Прошло много времени.

Изъ убогихъ хижинъ выросли красивые дома, изъ каменистой пустыни образовалось плодородное поле, а жестокіе людоѣды стали кроткими пастухами, не употреблявшими даже мяса животныхъ.

Прошло еще много времени.

Отъ красивыхъ домовъ не осталось и камня на камнѣ; поля опять превращены въ пустыню; кроткіе и трудолюбивые пастухи или убиты, или взяты въ плѣнъ.

Столѣтняя старуха, Кизметь, стоитъ передъ побѣдителемъ -- Алкасаромъ.

-- Ты побѣдилъ насъ,-- говоритъ она съ презрѣніемъ,-- но побѣдилъ подлостью; ты зналъ наши законы,-- зналъ, что они запрещаютъ убійство,-- и не постыдился напасть на неподготовленныхъ... Ты кололъ нашихъ единороговъ ядовитыми стрѣлами, ты не постыдился хитростью пробраться въ городъ, когда это былъ часъ молитвы и всѣ храбрые были въ храмѣ... Мы не хотѣли бы такой побѣды!...

-- А мы очень хотѣли ея,-- улыбнулся побѣдитель.-- Ты -- королева побѣжденныхъ?

-- Я мать и сестра, дочь и раба моей дорогой родины... О, святыя созвѣздія неба,-- воскликнула въ отчаяніи старуха,-- широко раскинулись наши поля и тучные луга, привольно колосились наши золотыя нивы!
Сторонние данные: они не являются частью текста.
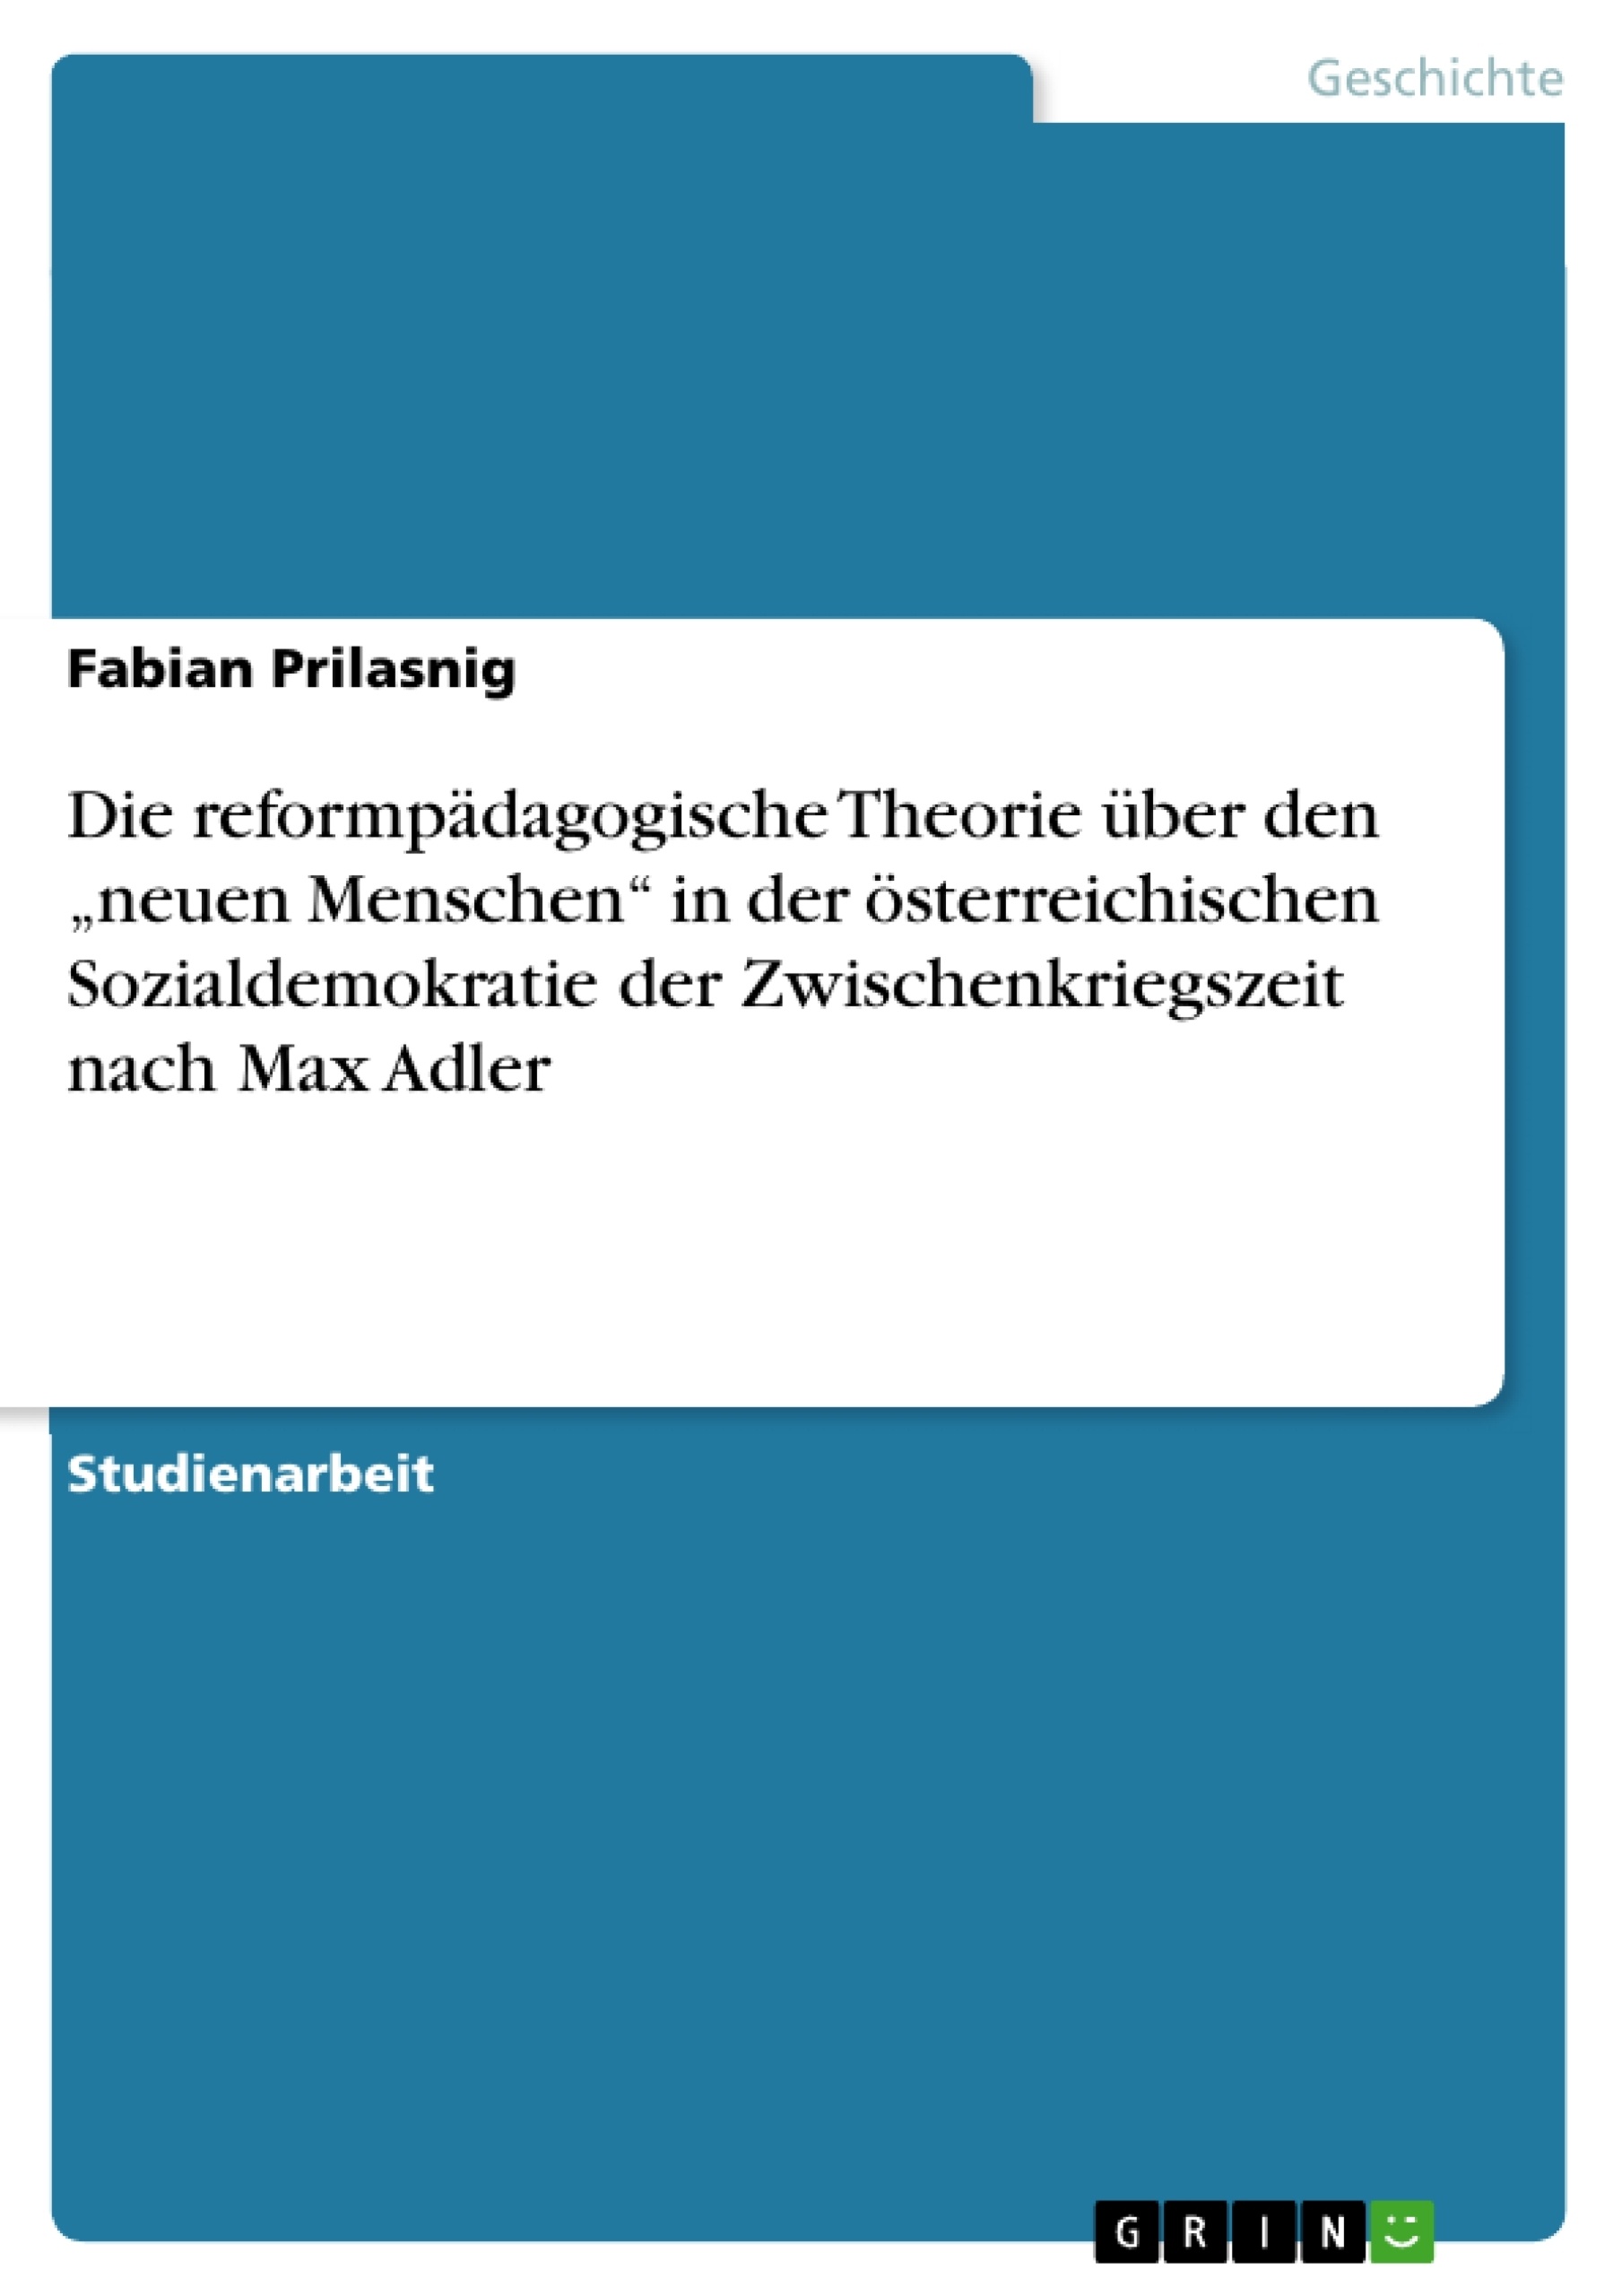 Título: Die reformpädagogische Theorie über den „neuen Menschen“ in der österreichischen Sozialdemokratie der Zwischenkriegszeit nach Max Adler

Звѣри не бѣгали отъ человѣка и птицы не улетали отъ него. Дѣти наши были рѣзвы и кротки, женщинъ видѣли безъ покрывала, потому что никто у насъ не оскорблялъ другаго... И кто же погубилъ все это?-- Воинъ раджи, такъ хорошо управляющій своимъ царствомъ. Устроивъ свою страну, онъ не пожалѣлъ разрушить чужую..

-- Ты упрекаешь меня въ жестокости; а что бы сдѣлали вы съ нами, оставшись побѣдителями?

-- Десять лѣтъ тому назадъ царь далекой страны пришелъ покорить насъ. Онъ воевалъ честно и уважалъ чужіе праздники. Мы побѣдили. Царь-плѣнникъ праздновалъ у насъ нашу побѣду, потомъ уѣхалъ къ себѣ съ алмазами, полученными отъ насъ въ подарокъ.

-- И онъ не напалъ на васъ въ другой разъ?

-- Онъ испыталъ нашу силу и сталъ другомъ.

-- Ты не сдѣлаешь такъ, великій побѣдитель!-- сказалъ одинъ изъ браминовъ, стоявшихъ подлѣ Алкасара.

-- Я не сдѣлаю такъ,-- сказалъ онъ улыбнувшись,-- я отвезу ее къ великому раджѣ -- повелителю нашему.

. . . . . . . . . . . . . . . . . . . . . . . . . . . . . . . . . . . . . . . . . . .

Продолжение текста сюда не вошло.